What do you think about animal cruelty?

Story: http://articles.news.aol.com/news/article.adp?id=20051206162809990006

What is the difference to the gecko if it didn’t even know anything cruel was being done to it? It was alive one minute, it got really dark and humid the next, and bang, dead the next (if all went as planned and there was no snaggle toothed wretching back and forth.)

The law is supposed to be logical, just trying to uncover the logic here. I looked this up and I understand HOW TO INTERPRET this law (for instance, it doesn’t matter whether the animal experienced the cruelty, only that the act was cruel), but not sure about the logical origin of it. I mean, what if you caught a fish and stood behind its back, did a silly dance, put bunny ears on it while taking pictures, and then killed it and cut it open to a fillet, are you A CRIMINAL? Believe me, I could go on all day with these annoying “What ifs”…

By the way, make no mistake here, I love animals dearly.

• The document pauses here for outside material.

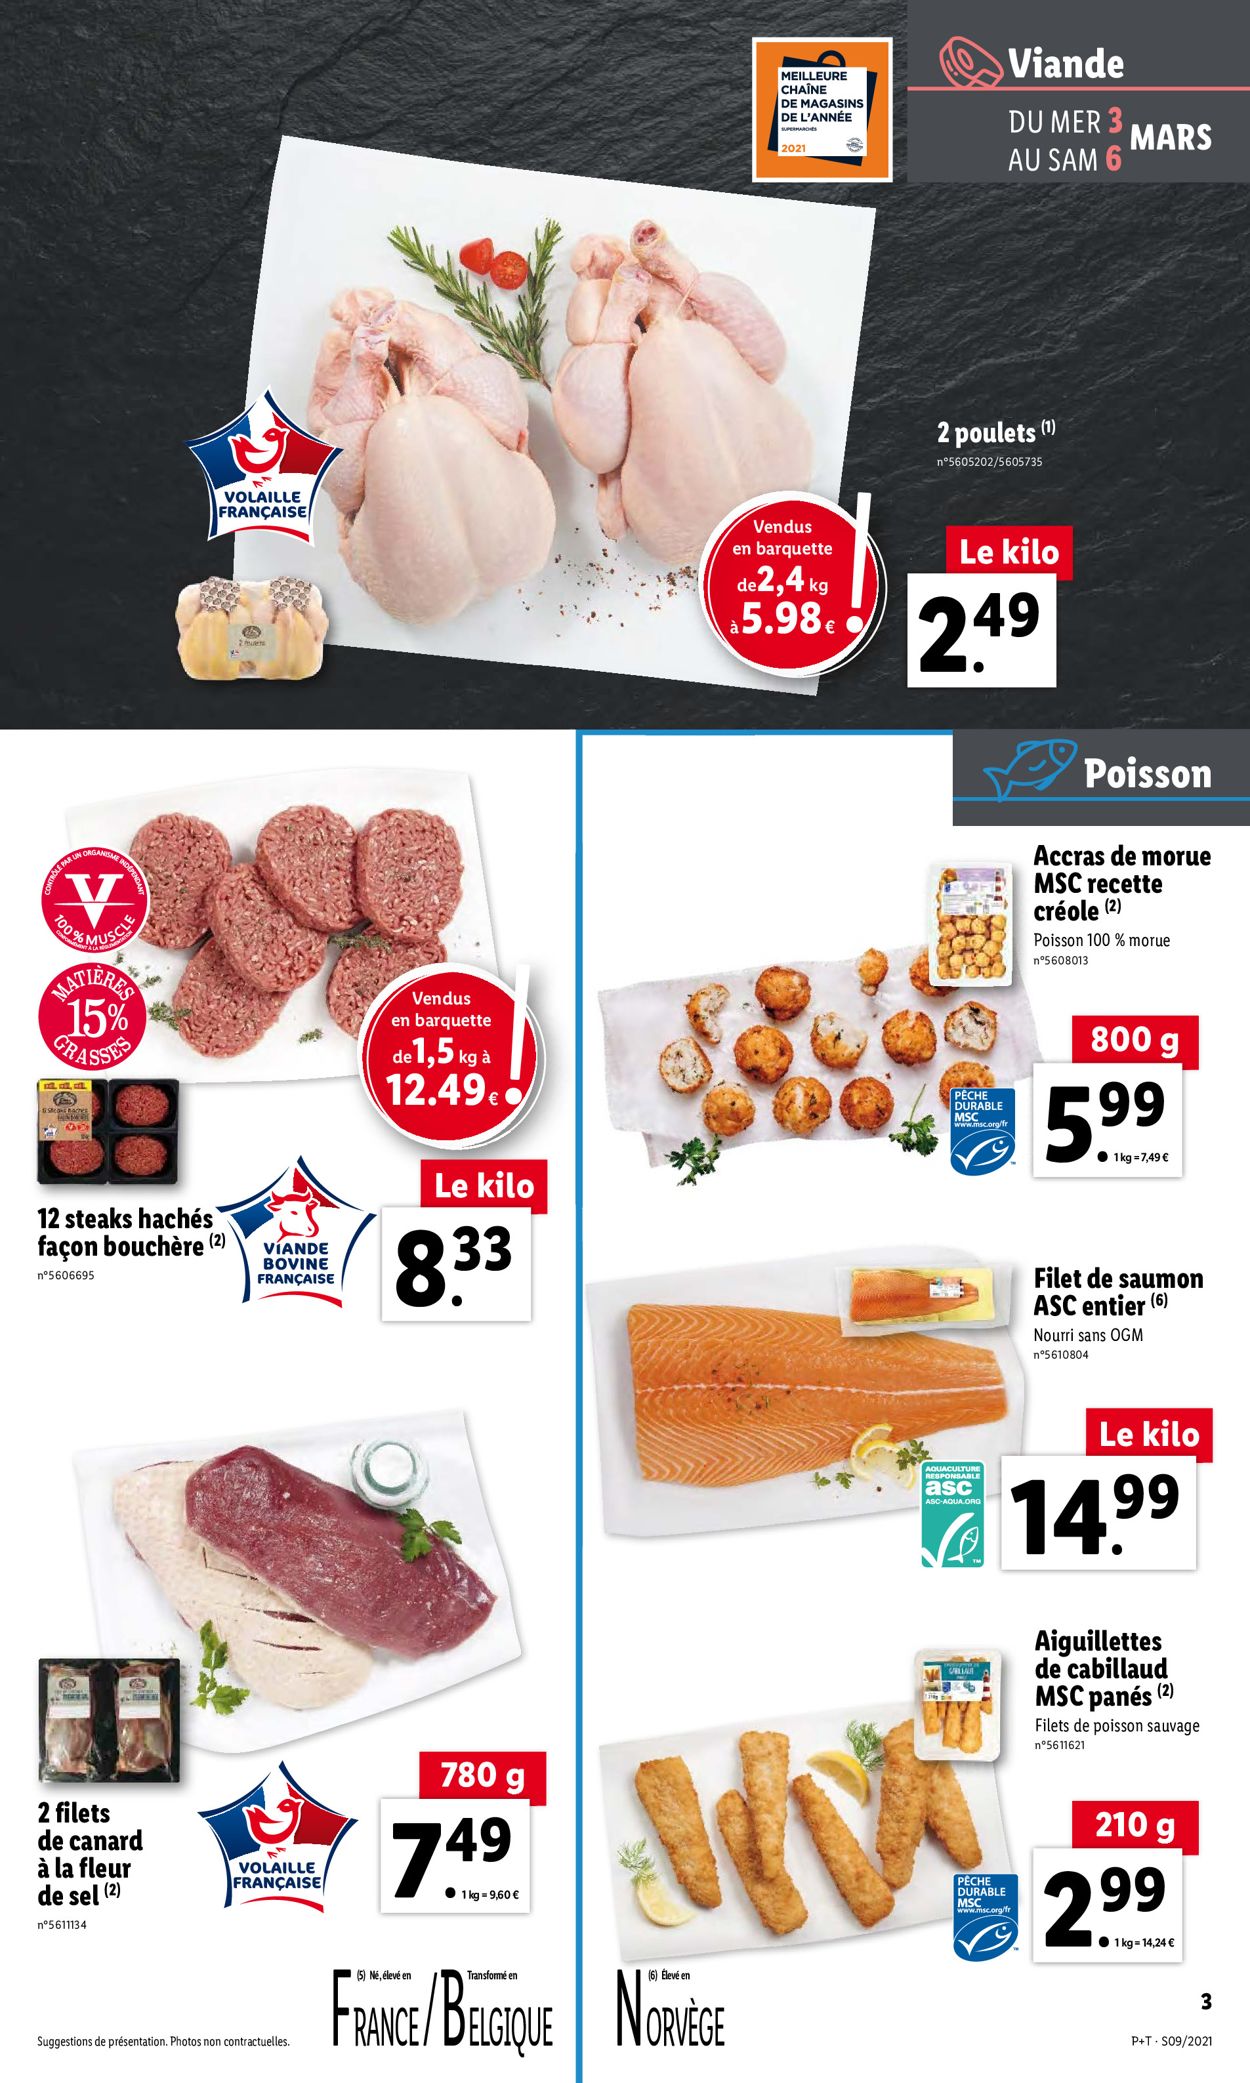 Lidl Catalogue - 03.03-09.03.2021 (Page 3)

I guess the point of such laws, like most laws, is to dissuade other people from doing it. It can also be a way of sniffing out potential human abusers or killers; most serial killers start by killing animals. However, in this particular case I think the punishment is way out of line. The animal wasn’t tortured, it didn’t suffer. Its execution style was similar to what it could expect to experience in the wild. And a gecko is a wild animal, and it’s not endangered. It’s certainly gross, but it’s not something that’s going to undo the foundations of society. Hell, 10,000 years ago this guy just would have been having a little snack. I also fail to see what putting him in jail and giving him a felony charge will do.

Personally I think criminal charges should only be levied against people who kill or abuse owned animals (since pets and livestock are, technically, property) or when the abuse is gross enough that the animal certainly suffered, since that would be evidence of a sick mind at work (although the more appropriate punishment in that case would be counseling). I don’t think this gecko suffered; geckos get their heads bitten off all the time in the wild.

[Moderator Underoos On]Preemptive Warning: This is not The BBQ Pit. I expect responses to be civil.
Thank You.[/Moderator Underoos On]

If it grosses people out, it’s cruelty and criminal. If the animal is tasty, it isn’t.

I’d be interested in seeing how the law is written. I’m more sympathetic toward animal rights than probably 99% of the people on this board (although even I am not an adherent to the philosophy), and I don’t see a functional difference between this and someone eating a whole roast chicken on a bet; I see this as significantly less cruel than someone using glue traps to get rid of mice around their property.